Una domanda provocatoria: c’è tanto bene da fare in Italia, bisogna andare fino in Perù?
Quando eravamo in Italia ci occupavamo comunque di attività simili a quelle che svolgiamo qui in Perù. Non abbiamo neanche scelto di andare in un posto o in un altro. Dove ci hanno chiamato noi abbiamo risposto “presente” e continuiamo a fare così mettendoci a disposizione lì dove c’è bisogno.
Di che cosa vi occupate a Pucallpa?
Nella zona amazzonica del Perù sono tanti quelli che non hanno un documento e quindi non esistono, non hanno una “identità”, perché vengono da villaggi all’interno della foresta. Prestiamo servizio quindi, all’interno della Caritas di Pucallpa, in un progetto sul “diritto all’identità”. Senza tralasciare però la pastorale giovanile, utilizzando soprattutto il teatro e le arti circensi come strumenti educativi, non solo in parrocchia, ma anche nel carcere minorile, negli orfanotrofi, nelle scuole. Inoltre, il vescovo di Pucallpa ci ha incaricato ufficialmente di rilanciare il Centro Giovani in modo che diventi un punto di riferimento per la gioventù di tutta la città. Da parte nostra pensiamo di organizzare forme simili a quelle che potremmo trovare in qualsiasi oratorio ambrosiano. Vorremmo aprire qui uno spazio per l’accoglienza dall’Italia di giovani volontari. Un’esperienza che noi raccomandiamo perché serve ad allargare gli orizzonti.
Qual è il contesto sociale in cui vi trovate?
Di forte espansione e con tantissime realtà molto povere, quelle che in Perù vengono chiamate “invasioni” da parte di coloro che dalla foresta amazzonica si stanno spostando in città. C’è una forte voglia di modernità: per esempio tutti hanno il cellulare, tutti hanno la televisione, anche se vivono su palafitte.
C’è qualche aspetto che dalla missione potreste riportare nelle nostre comunità?
I laici nella nostra realtà di Chiesa a Pucallpa sicuramente sono una presenza molto importante, se non necessaria. I sacerdoti sono pochi, come ormai un po’ in tutto il mondo, quindi per forza un po’ ci dobbiamo svegliare noi laici. Nello stesso tempo il clero deve essere più capace di accoglierli e di coinvolgerli nella pastorale. Ma soprattutto quello che il Perù continua a insegnarci, e che vorremmo un giorno riportare nella nostra Chiesa ambrosiana, è un modo di vivere la fede più semplice, più naturale, che forse in Italia abbiamo perso.

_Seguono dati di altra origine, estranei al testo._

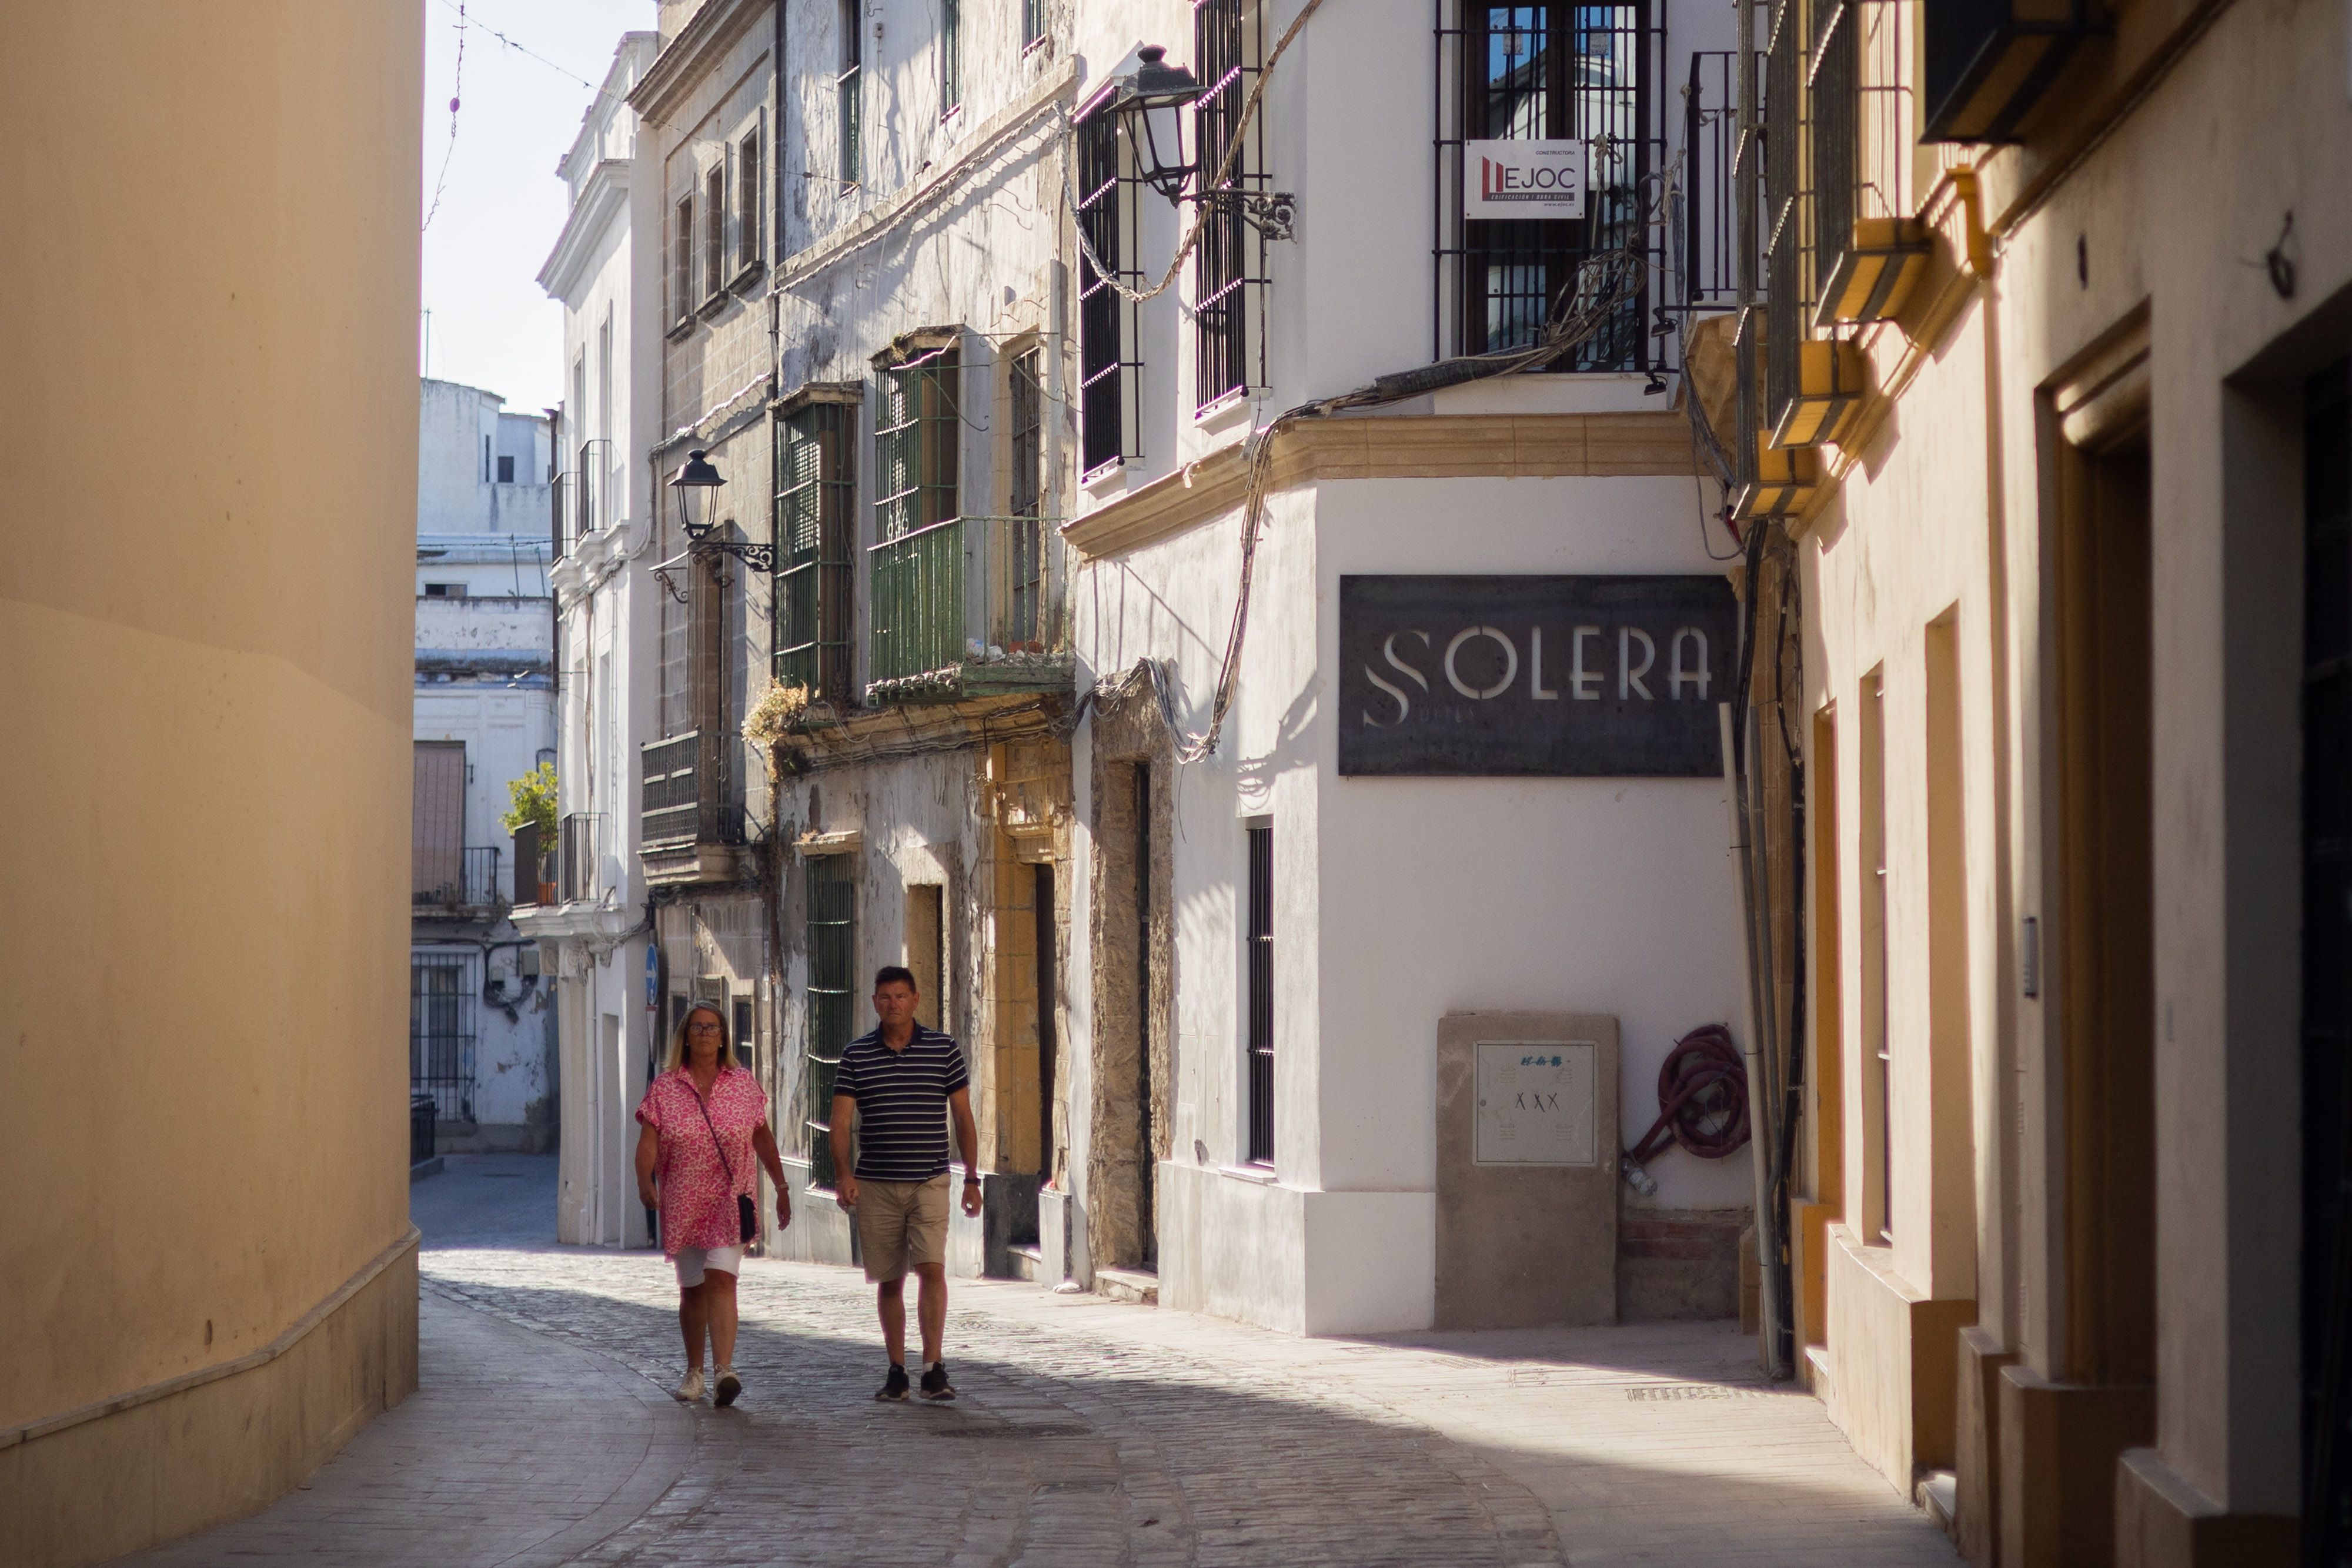 Solera Suites, en Carmen, 10, una finca histórica de intramuros en Jerez reconvertida en pisos turísticos.

Per concludere, alla luce della vostra esperienza, come si può coniugare la parola «missione» per poterla comprendere meglio?
Abbiamo sempre sentito la parola «missione» molto vicina alla parola «giustizia»: essere coscienti che ci è stato dato tanto e non è giusto tenerlo solo per noi. L’altra parola che colleghiamo al termine «missione» è il termine «servizio», cioè camminare fianco a fianco, sapendo che si ha tanto da condividere, non si ha niente da insegnare, invece si ha tanto da imparare l’uno dall’altro. (N.P.)